Nicola Pero, CTO, Brainstorm

Mobile engagement has changed. It is now more complex and fragmented, a trend that is set to continue with voice, video and SMS all playing a key role in the industry. We are now seeing different types of communications being chosen for different purposes. For example, if you want communication that is short and to the point, which gets read and acted upon quickly, the likely option is SMS. Many think that with the new forms of communication coming on board that the old ones will disappear, but that isn’t the case. It just means we have greater choice in how we communicate, and companies need to be prepared to use them all.

Marketers must take into consideration the context in which their consumers use the different communication channels. For instance, some may prefer to receive promotional vouchers through in-app push notifications and exclusive pre-launch invitations via SMS. And of course, each consumer could have different preferences, so marketers need to be able to use all the channels to communicate a consistent message in the most appropriate medium for their audience.

Technology can play a vital role in providing a consistent brand personality, but if the company doesn’t have an overarching integrated communications strategy and dedicated responsibility assigned, the organisational structure creates silos of activity, which keeps them and their communication channels fragmented. For example the customer service, finance and sales & marketing departments could all operate with different suppliers of different communication channels (email, SMS, call centres), leading to disparate engagement and ultimately customer frustration and poor customer experience. This is where a multi-channel communications approach should be taken, as it will reduce the cost and complexity of customer communications and reduce customers receiving inconsistent messages. Those organisations able to implement an integrated multi-channel communications strategy will have a competitive advantage over its rivals.

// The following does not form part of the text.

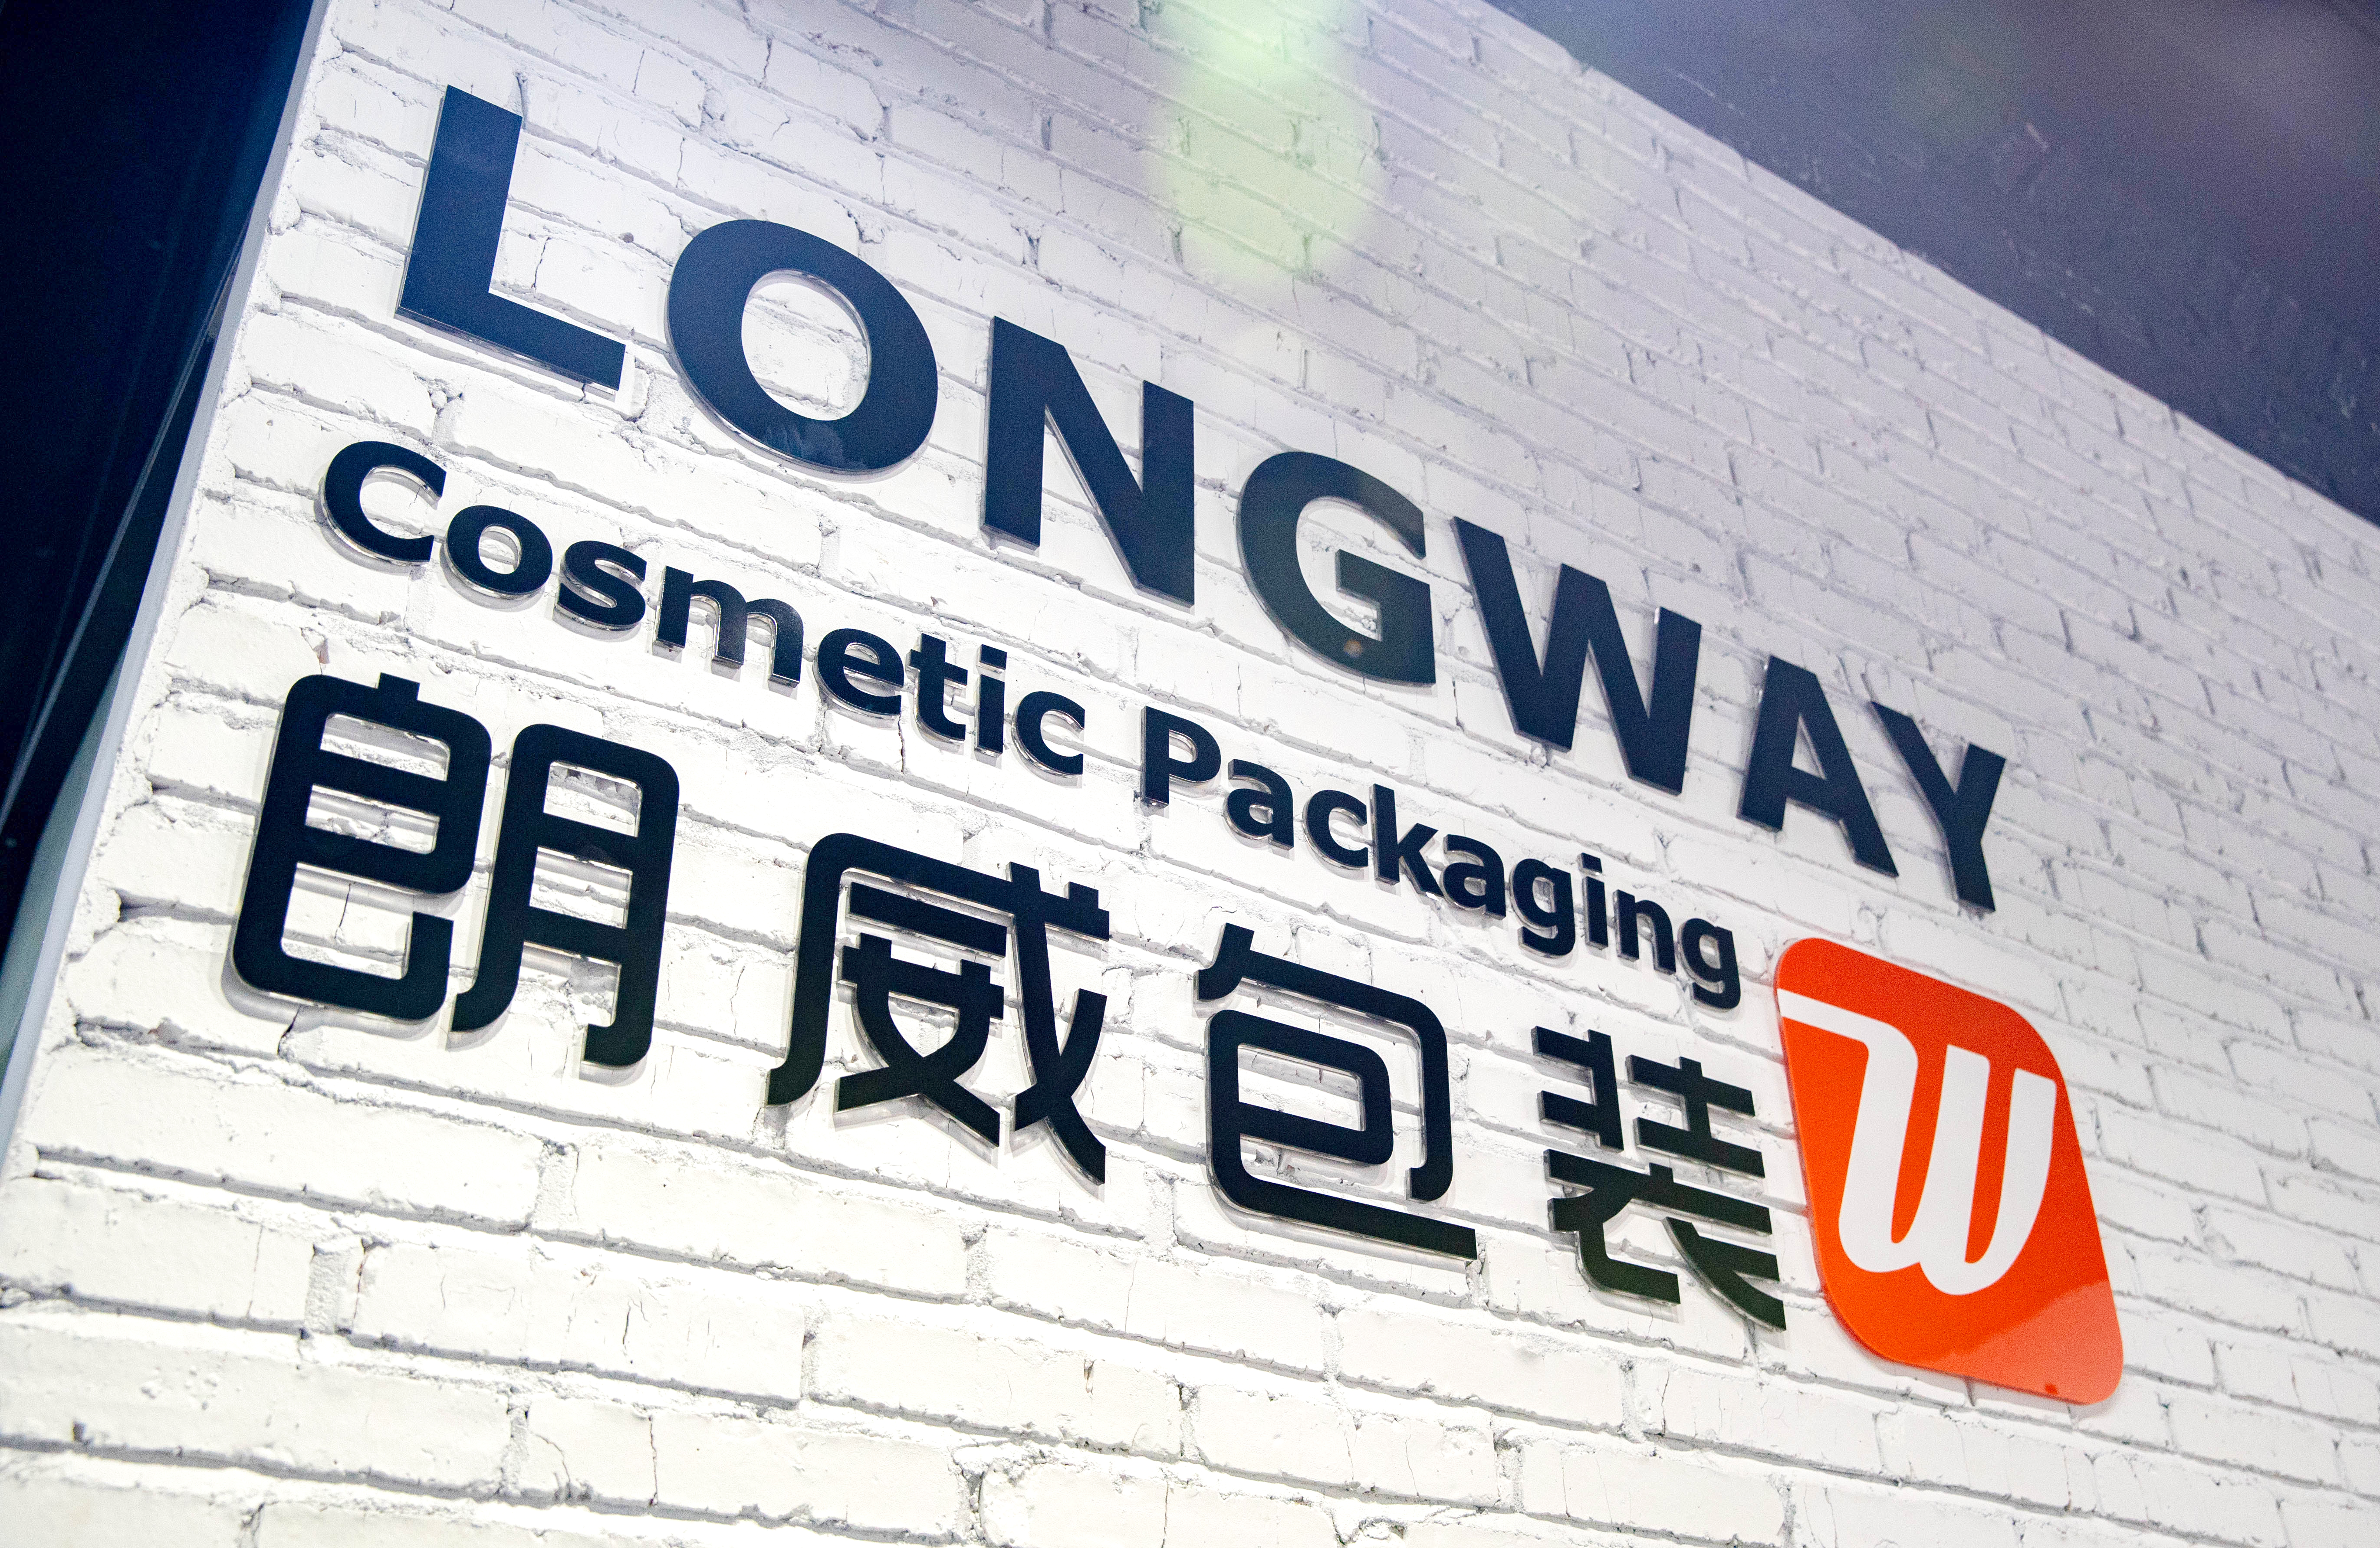 Online sales of cosmetics in China rose 26% in the first half of the year

Mobile messaging is here to stay

Mobile messaging isn’t going to disappear anytime soon. It will continue as a valid form of communication because there are many situations where it is the most appropriate form, for example, a reminder for an appointment or a password for an app. SMS has many advantages, despite what many may think, its ubiquity means that anyone, anywhere can send and receive an SMS regardless of the phone or network they are connected to.

The key is in selecting the most appropriate channel for the type of communication, the audience you are trying to engage with and the device and location that the customer is in. For example, in a shop if there is a sign the customer will read it, so the use of Beacon technology to send a push message that replicates what already exists will have little value. Where this can be used to its advantage is when it adds a new dimension to customer engagement or combines data to provide new insights or information tailored to the customer’s precise needs and situation at the time.

The future of multi-channel communications

With the continued use of mobile messaging and the emergence of new technologies the need to invest in a multi-channel communications strategy and platform is more important than ever before.

With this in mind, organisations should look to future proof their communications platform by ensuring it can easily incorporate all emerging channels, has the in-built intelligence to manage multiple engagements over multiple channels, and can create contextual information relevant to an individual consumer.

Consolidating communications channels into one multi-channel platform will facilitate the ability for organisations to be able to initiate communications in a ‘waterfall’ effect, jumping from one channel to another (SMS to email to voice etc) according to many different factors including cost of message send, the context, message content, urgency of delivery or customer preference.

As the complexity of communicating with consumers grows, businesses will look to adopt a more integrated approach that will provide a greater experience for the consumer, and greater efficiencies for the company.